■ **Extracted information**

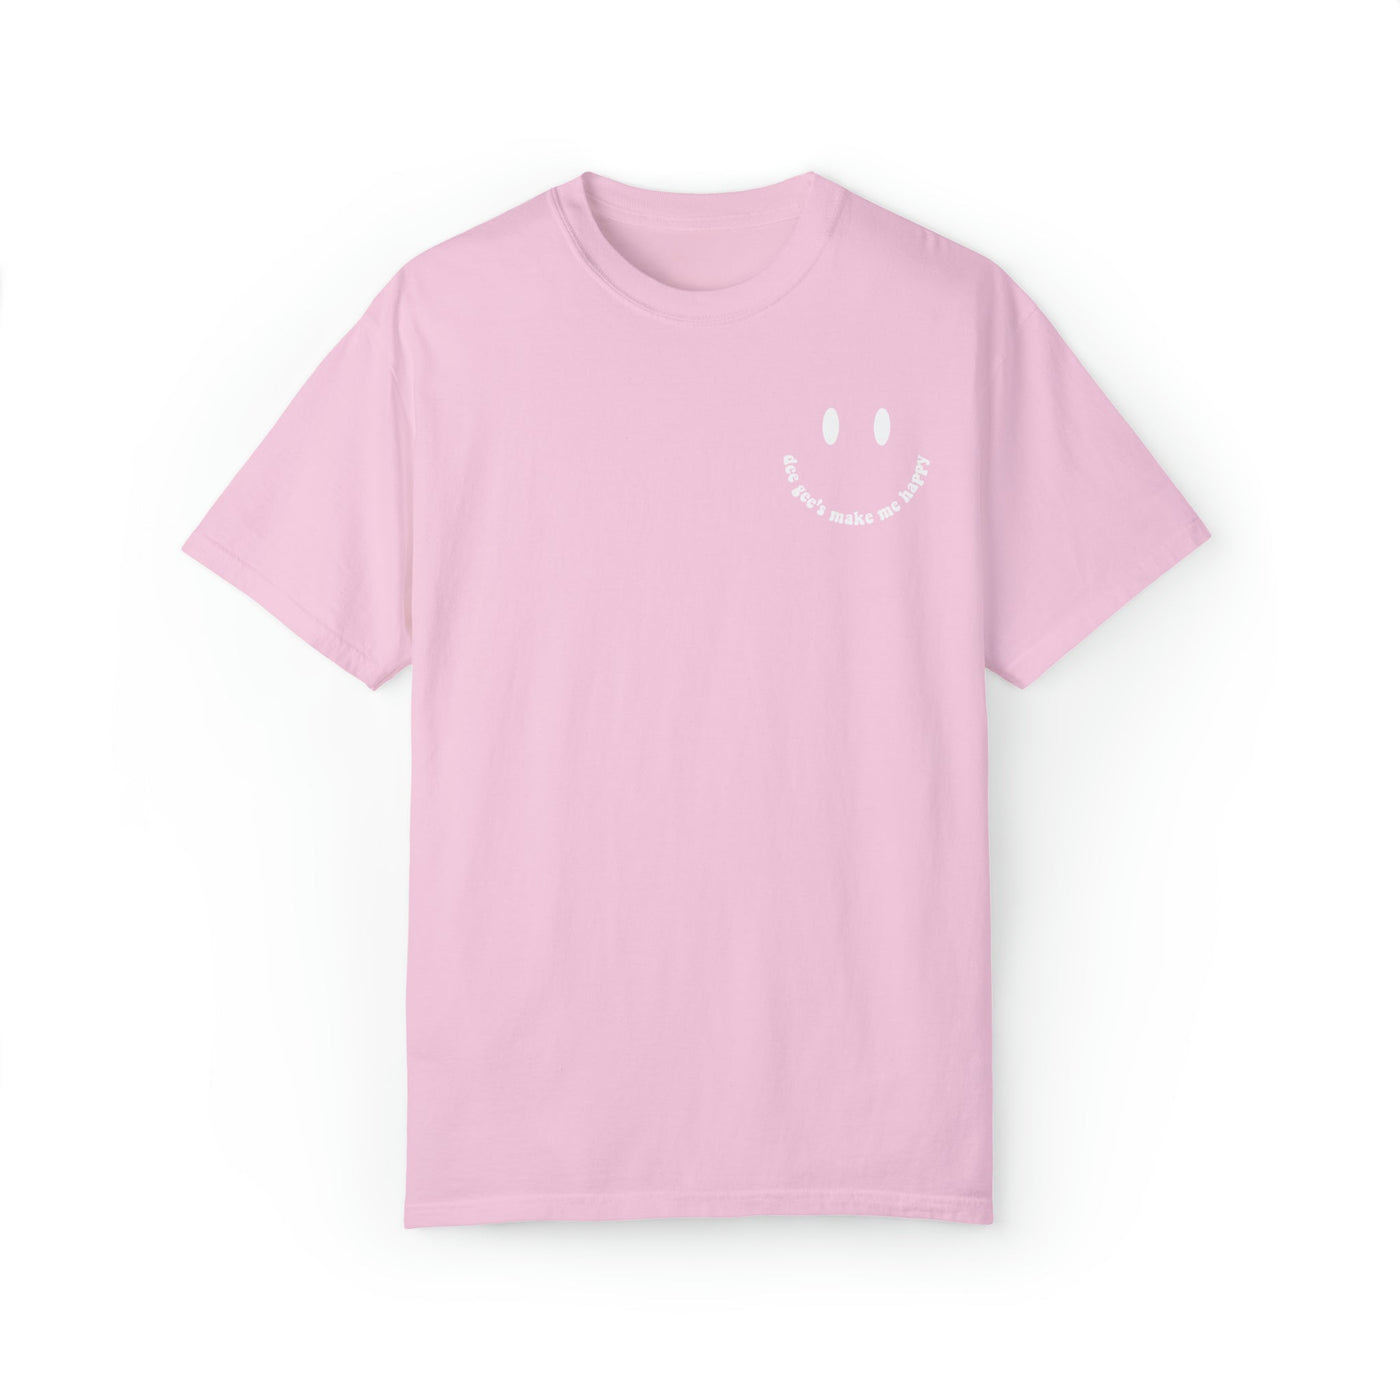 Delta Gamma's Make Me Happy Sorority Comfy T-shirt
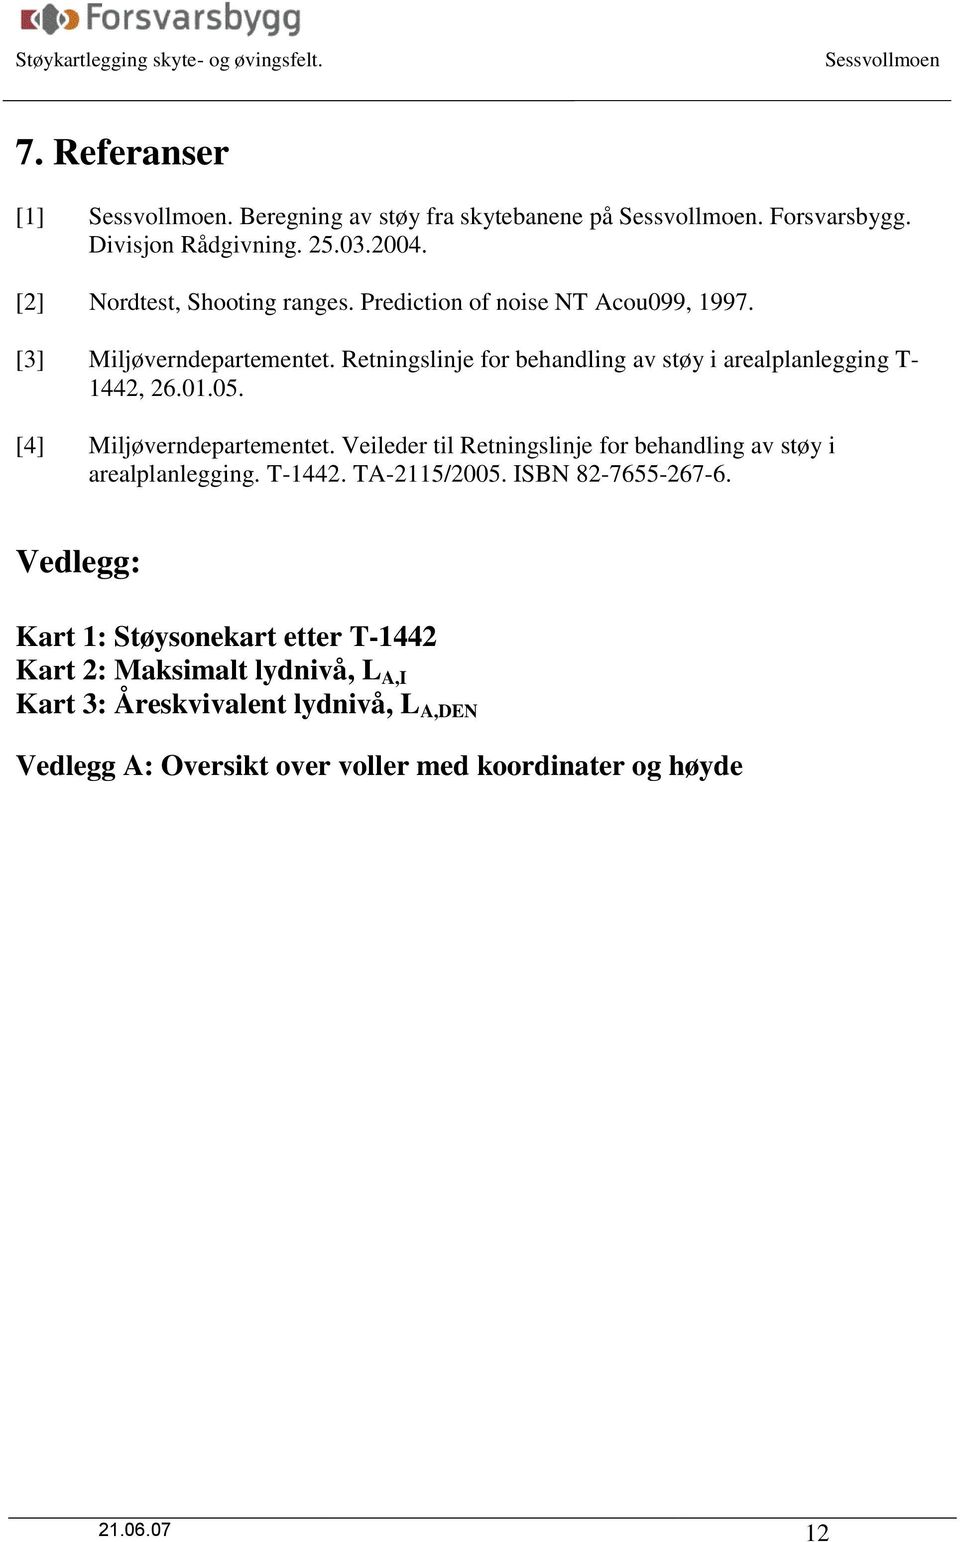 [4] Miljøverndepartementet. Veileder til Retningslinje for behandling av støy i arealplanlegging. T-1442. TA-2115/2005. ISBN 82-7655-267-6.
---
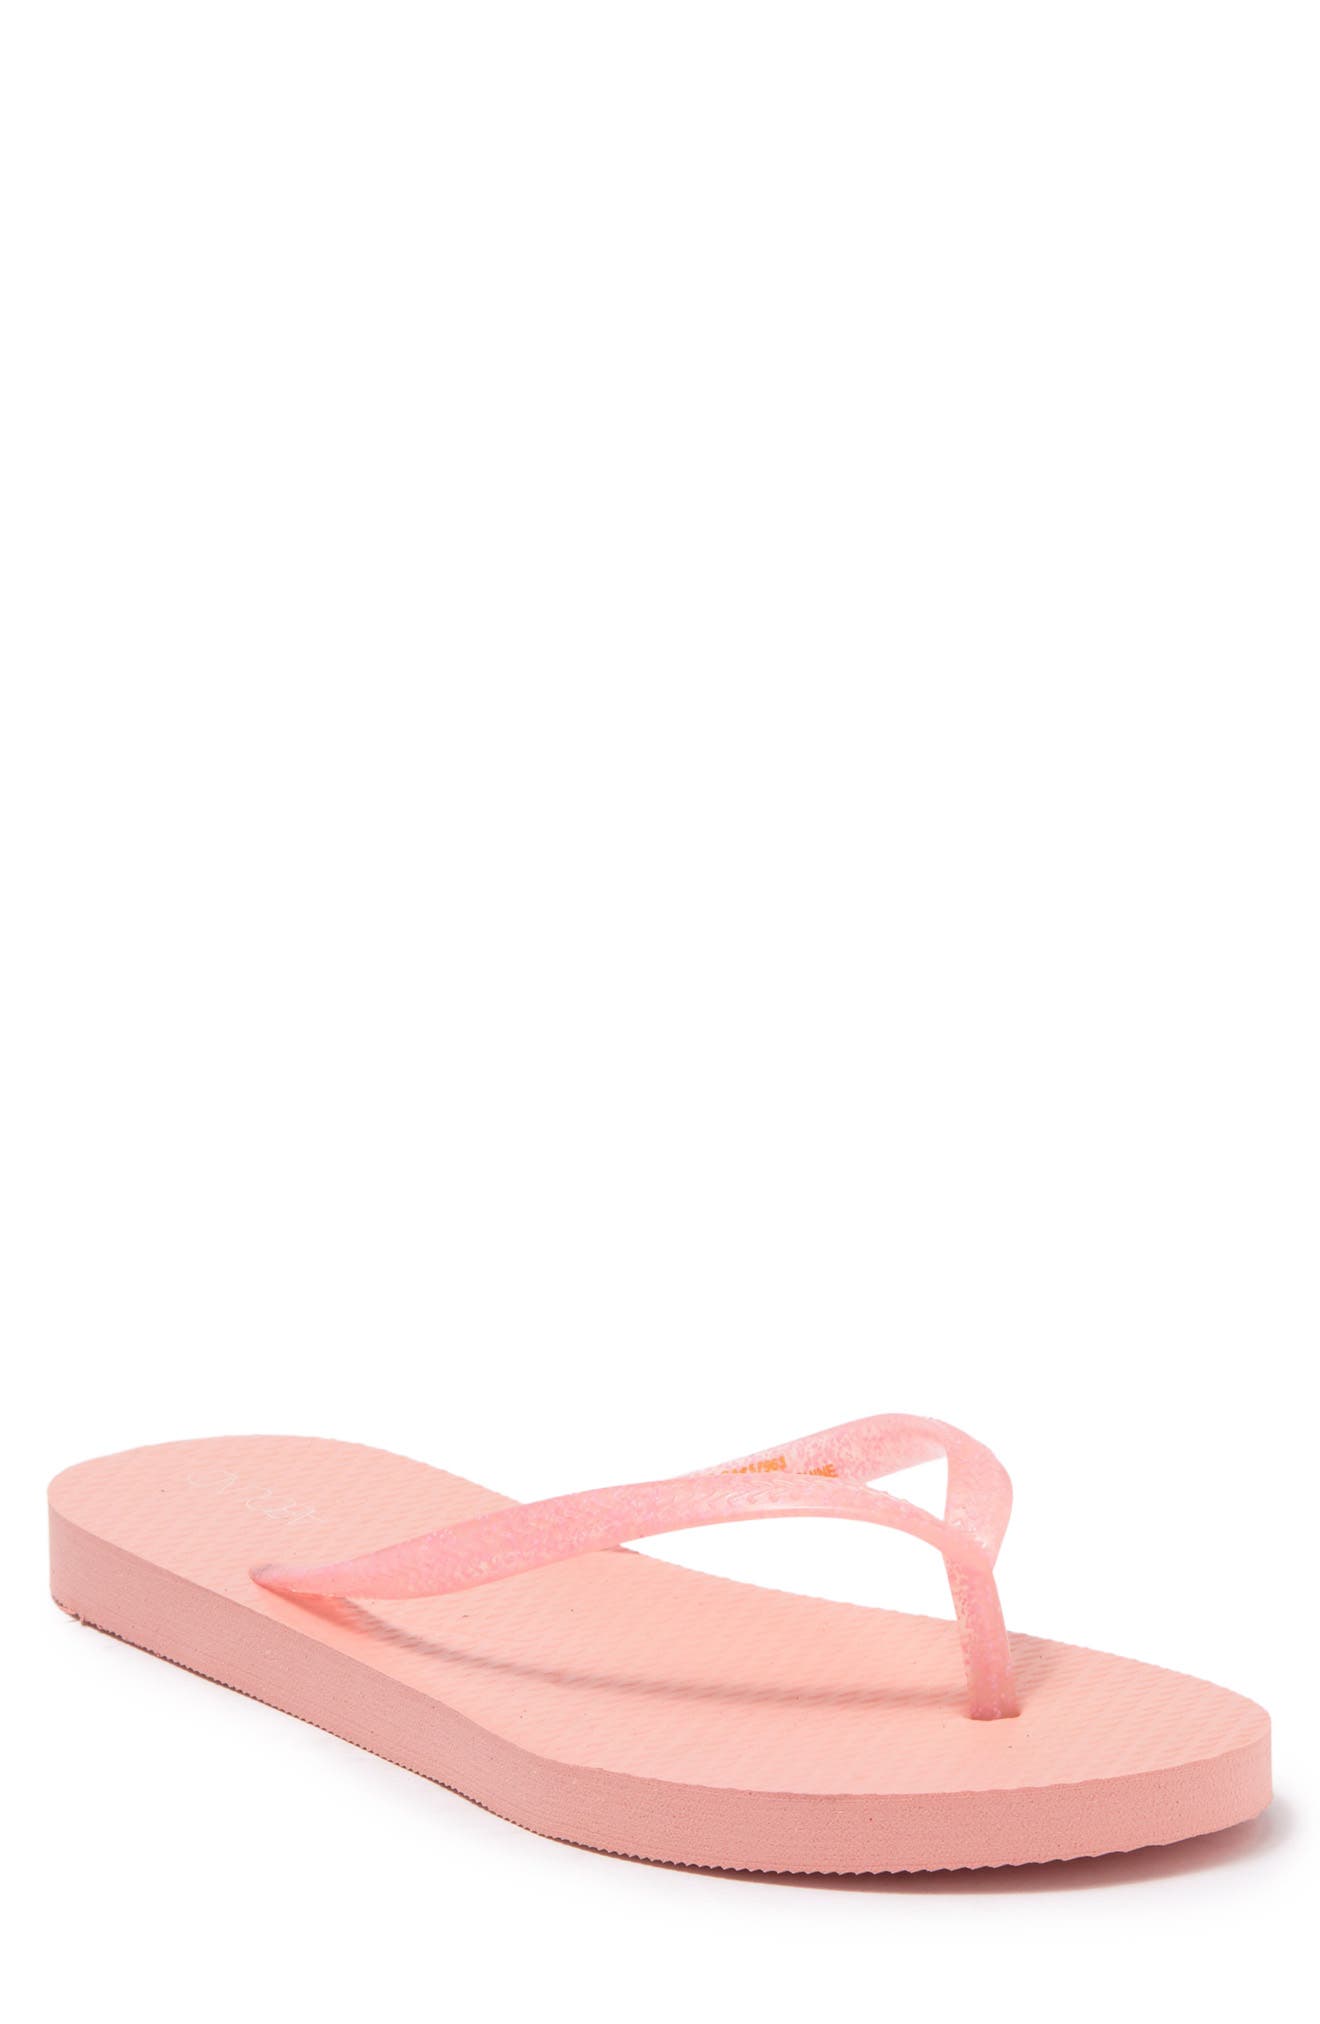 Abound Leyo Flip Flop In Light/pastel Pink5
==
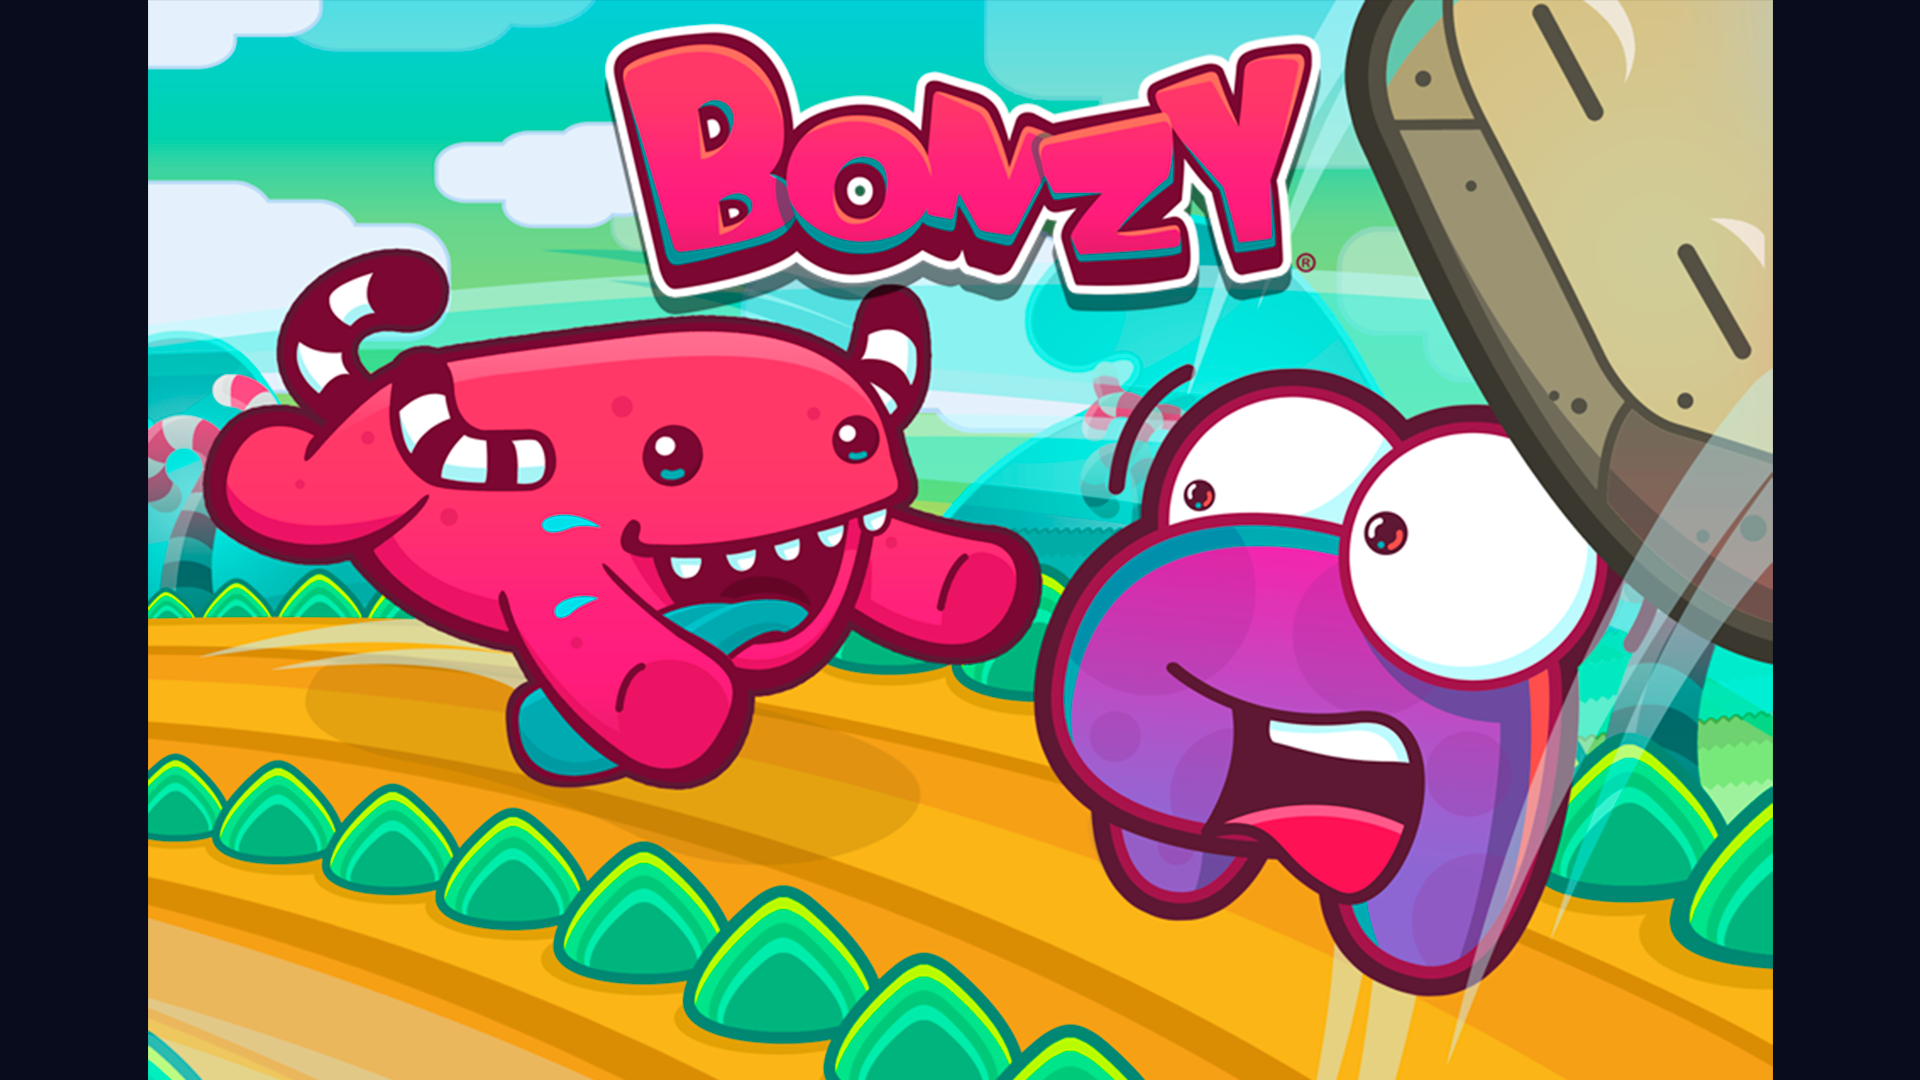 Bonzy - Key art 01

■ **Directions**
Of the lines above, quote exactly those from the one with "Delta Gamma's Make" through the one with "[4] Miljøverndepartementet. Veileder", ends included; pictures stay out.

■ **Solution**
 Delta Gamma's Make Me Happy Sorority Comfy T-shirt
 [4] Miljøverndepartementet. Veileder til Retningslinje for behandling av støy i arealplanlegging. T-1442. TA-2115/2005. ISBN 82-7655-267-6.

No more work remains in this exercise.